■ YOUR INSTRUCTIONS ■
Find the line with "Can You Explain" in the data below. Repeat it and every line after it exactly, but not the pictures.

■ DATA PROVIDED ■

-=-=-=-=-

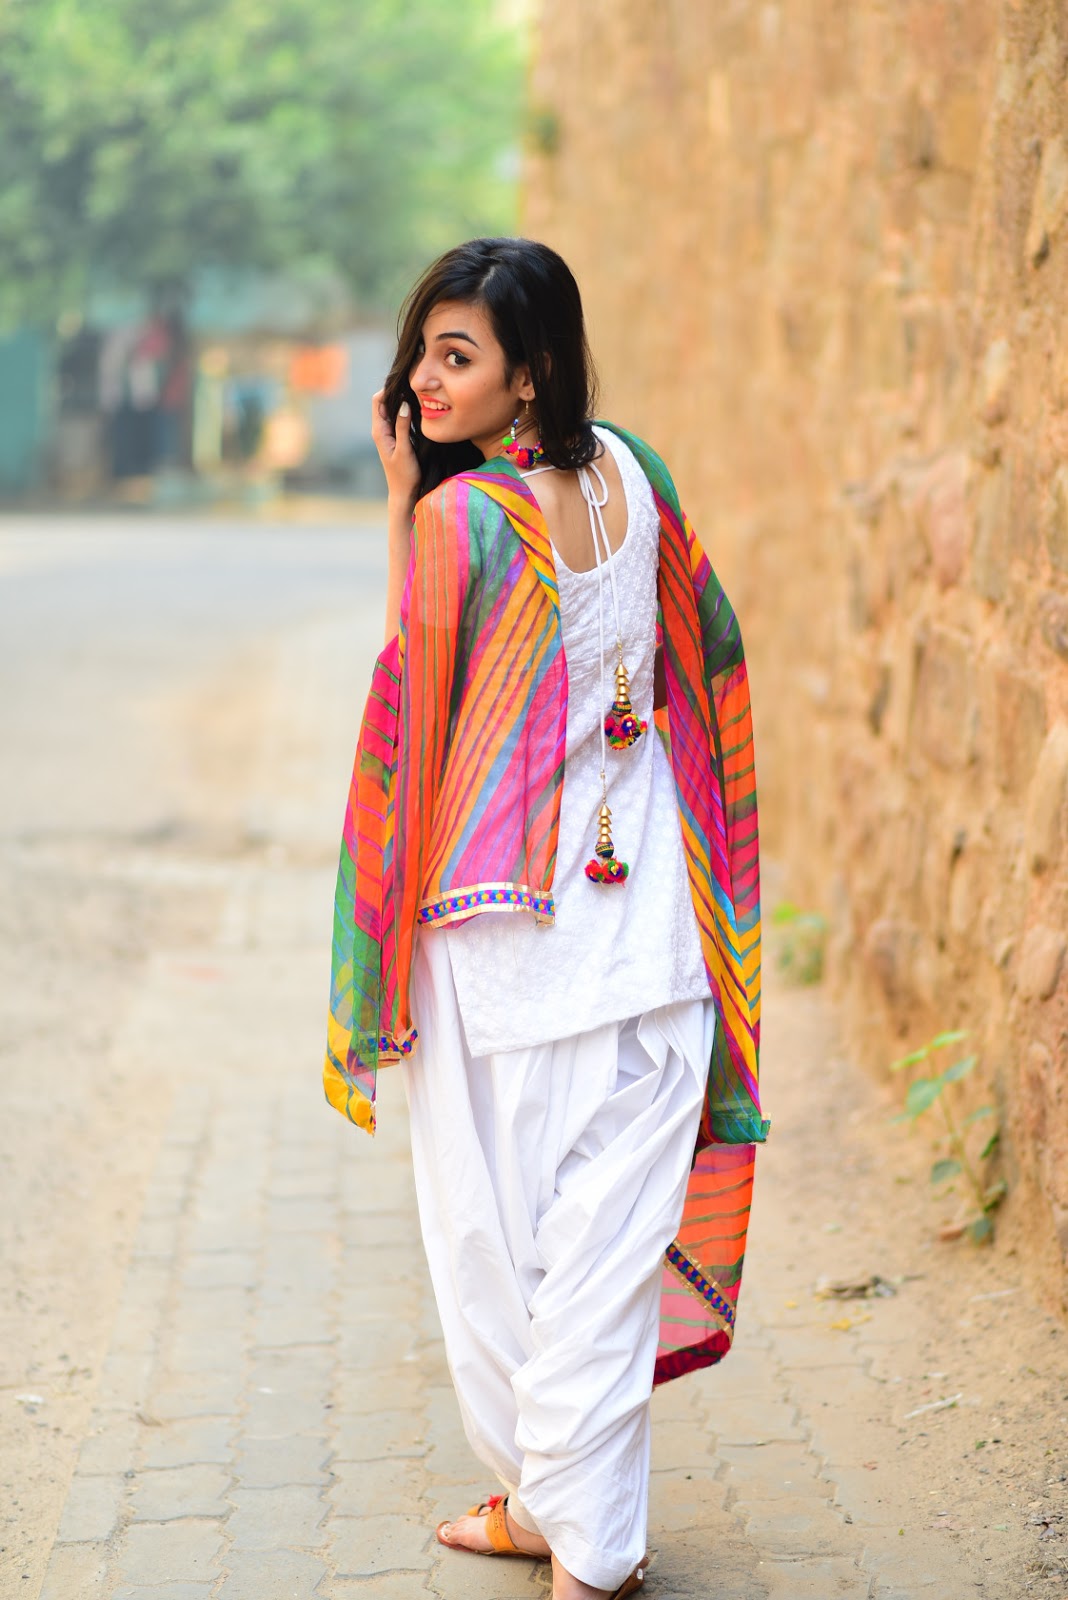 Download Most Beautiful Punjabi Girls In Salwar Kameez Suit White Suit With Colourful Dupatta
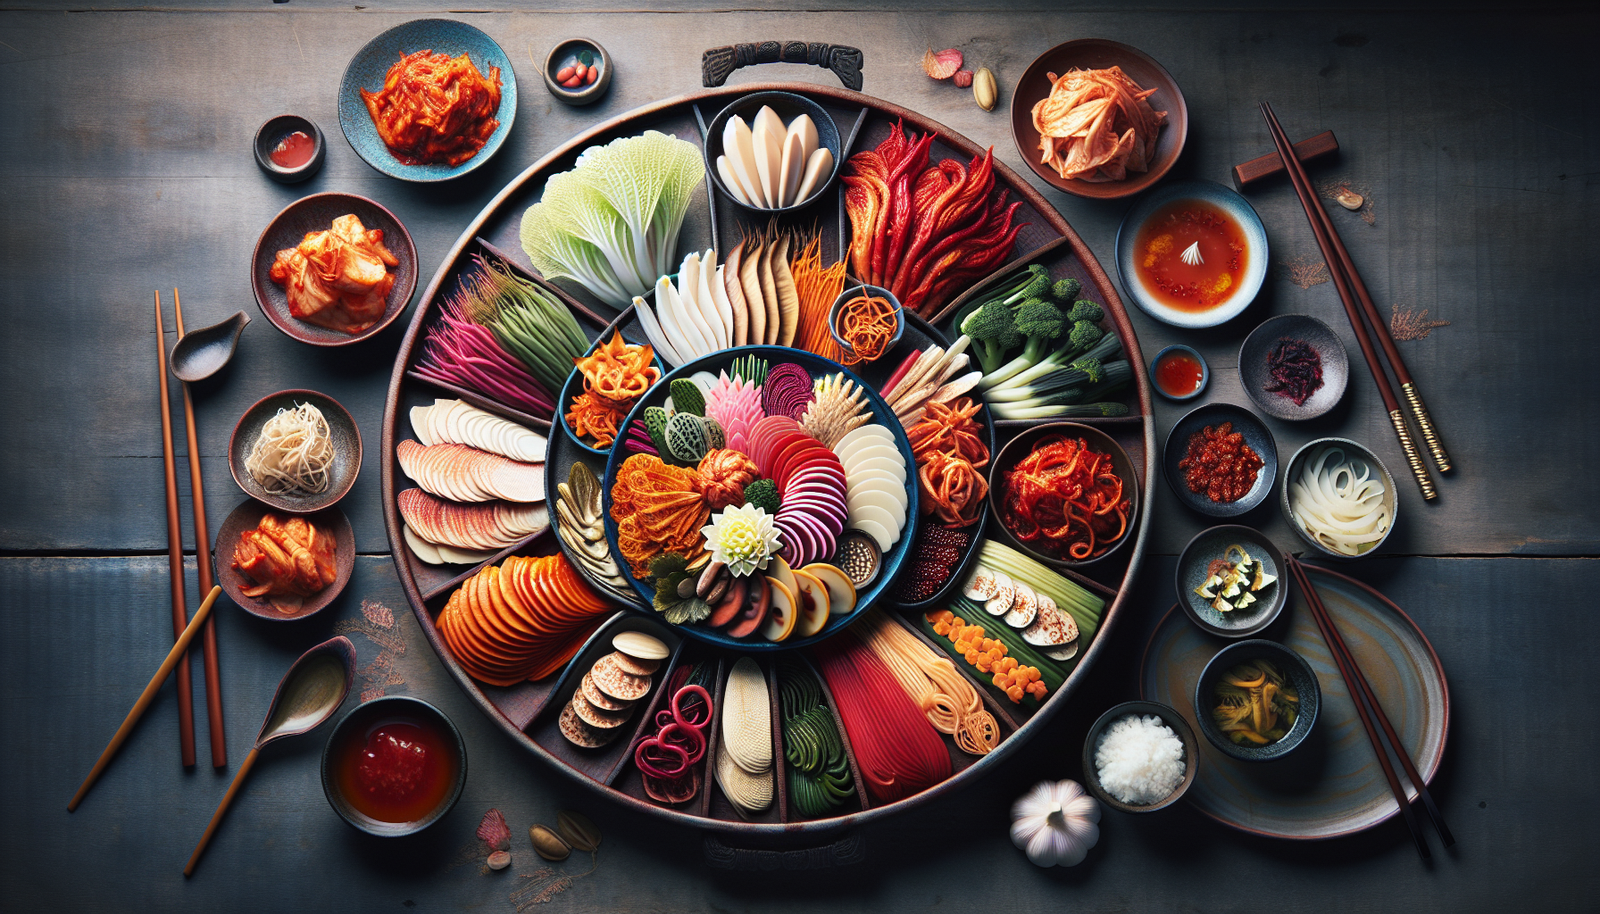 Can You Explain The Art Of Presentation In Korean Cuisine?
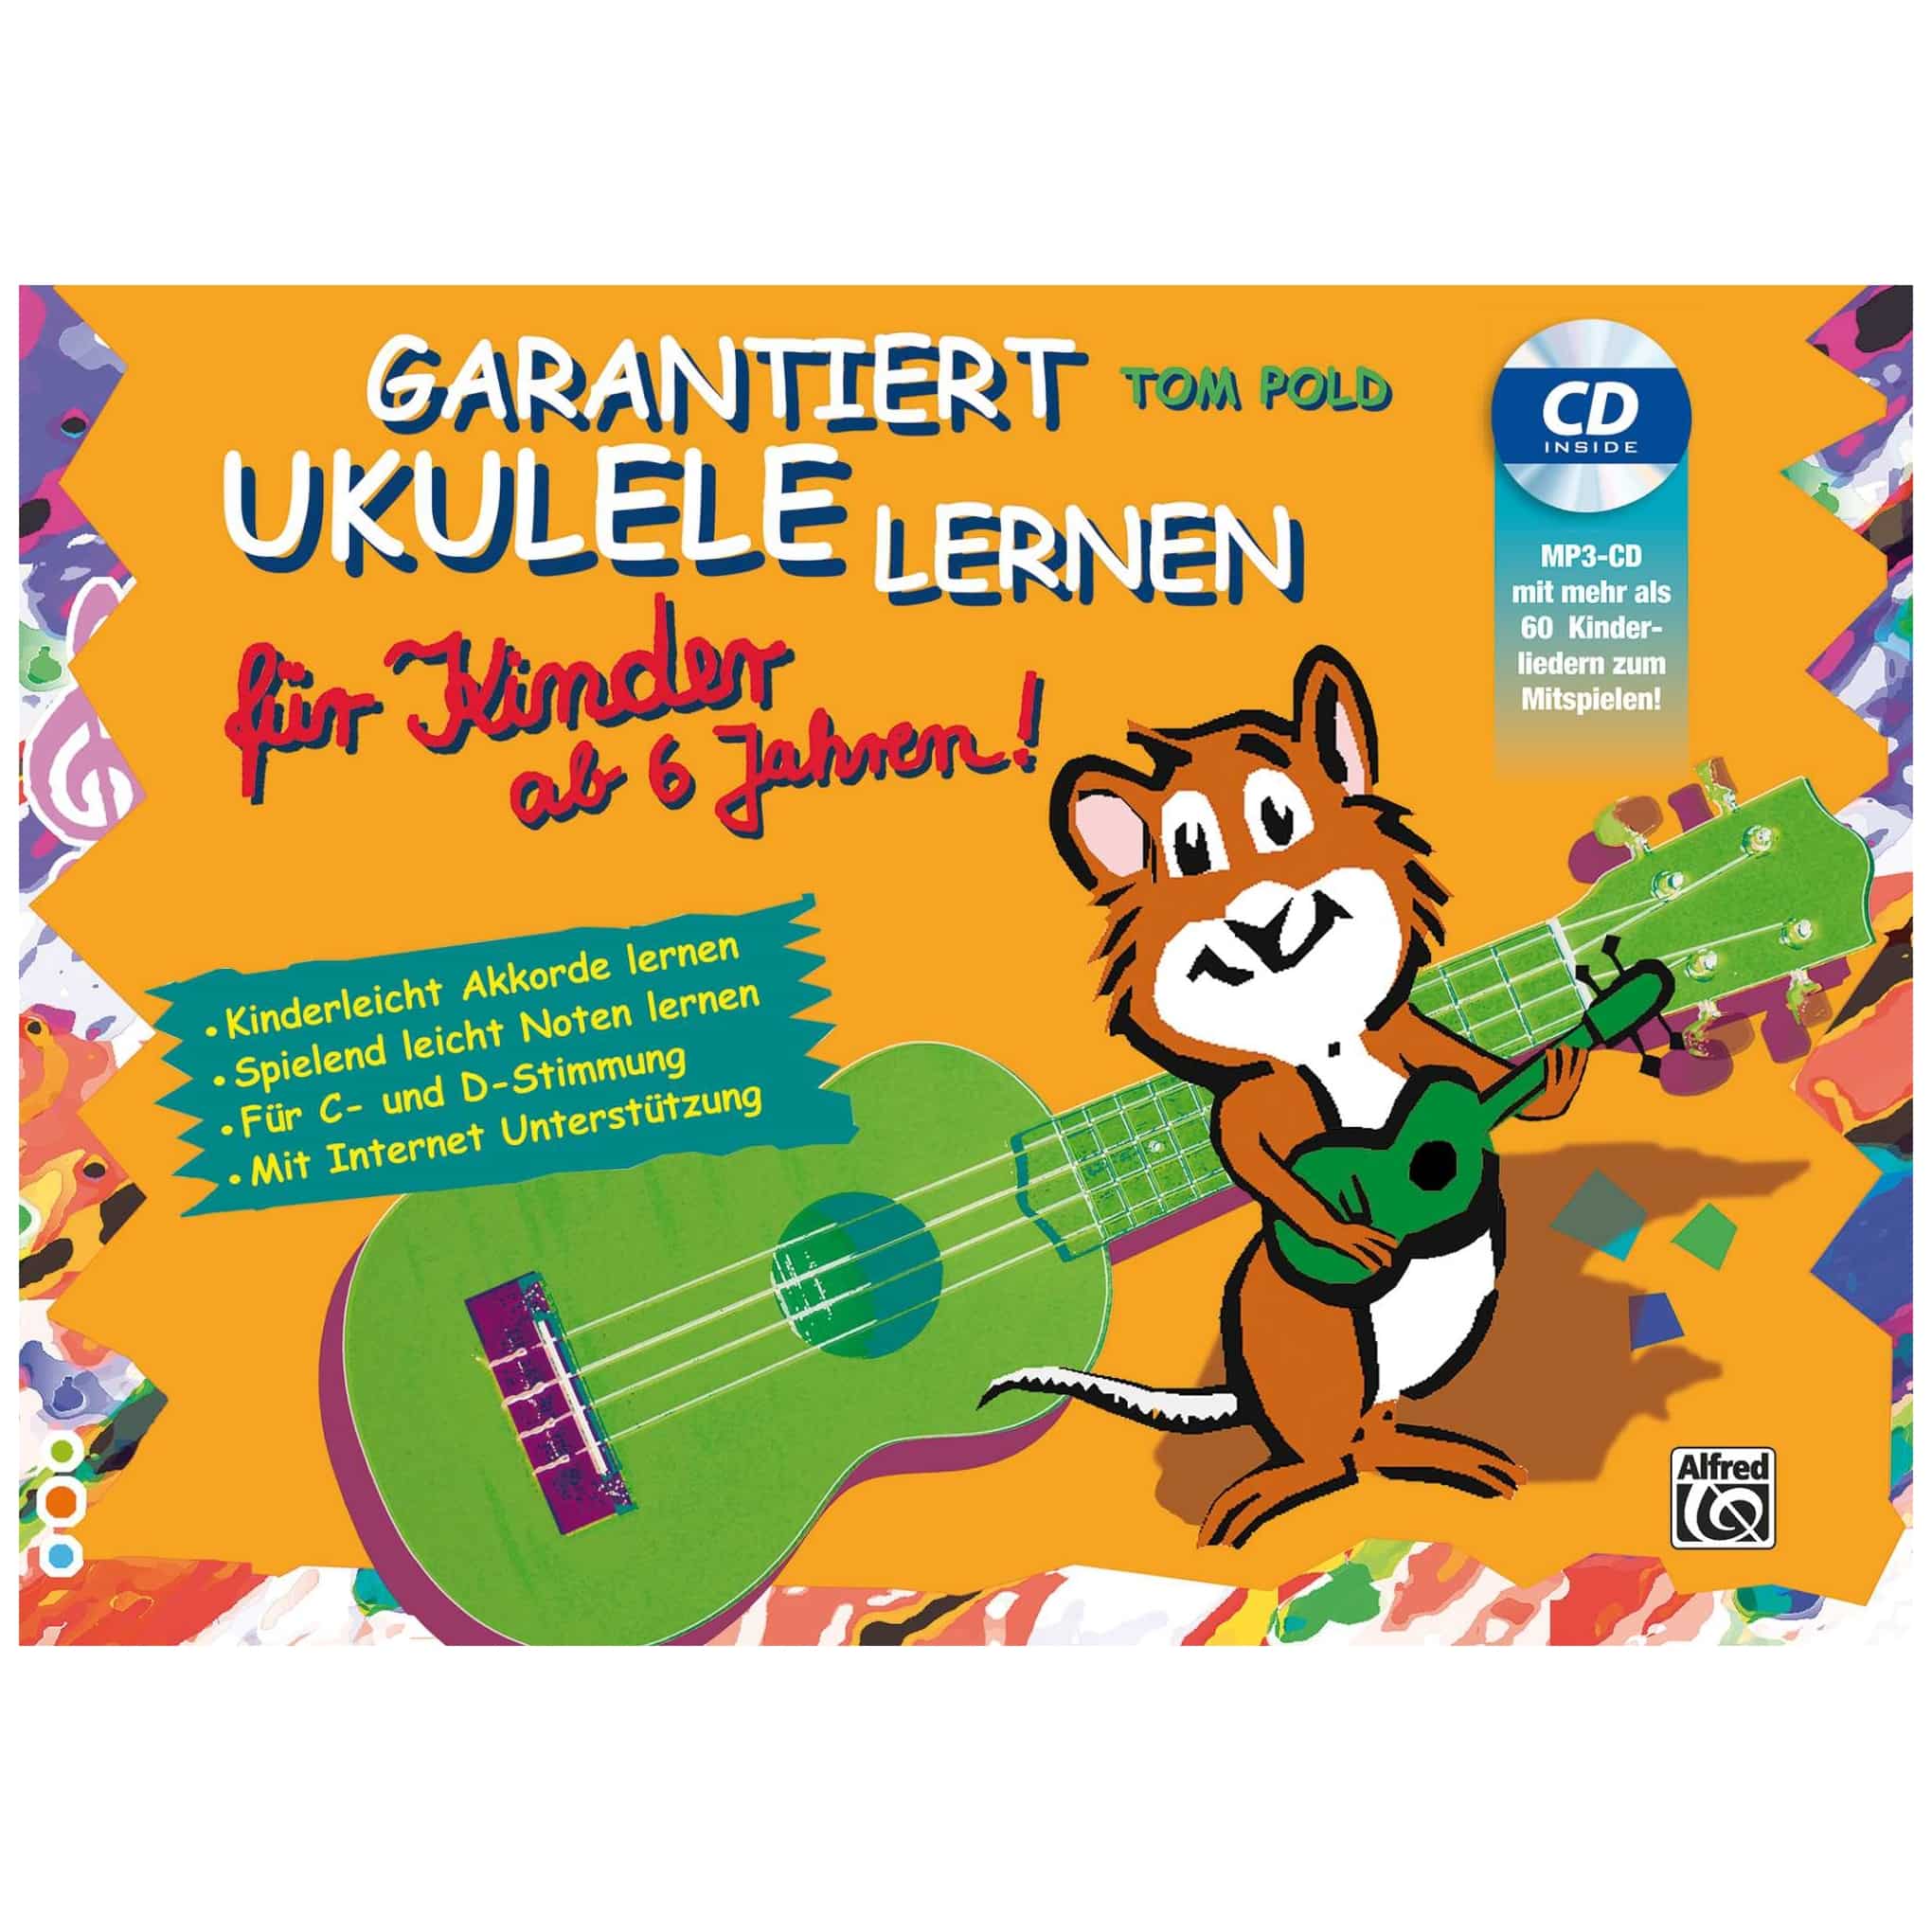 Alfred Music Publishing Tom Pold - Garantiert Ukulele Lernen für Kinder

-=-=-=-=-

■ RESPONSE AREA ■
 Can You Explain The Art Of Presentation In Korean Cuisine?
 Alfred Music Publishing Tom Pold - Garantiert Ukulele Lernen für Kinder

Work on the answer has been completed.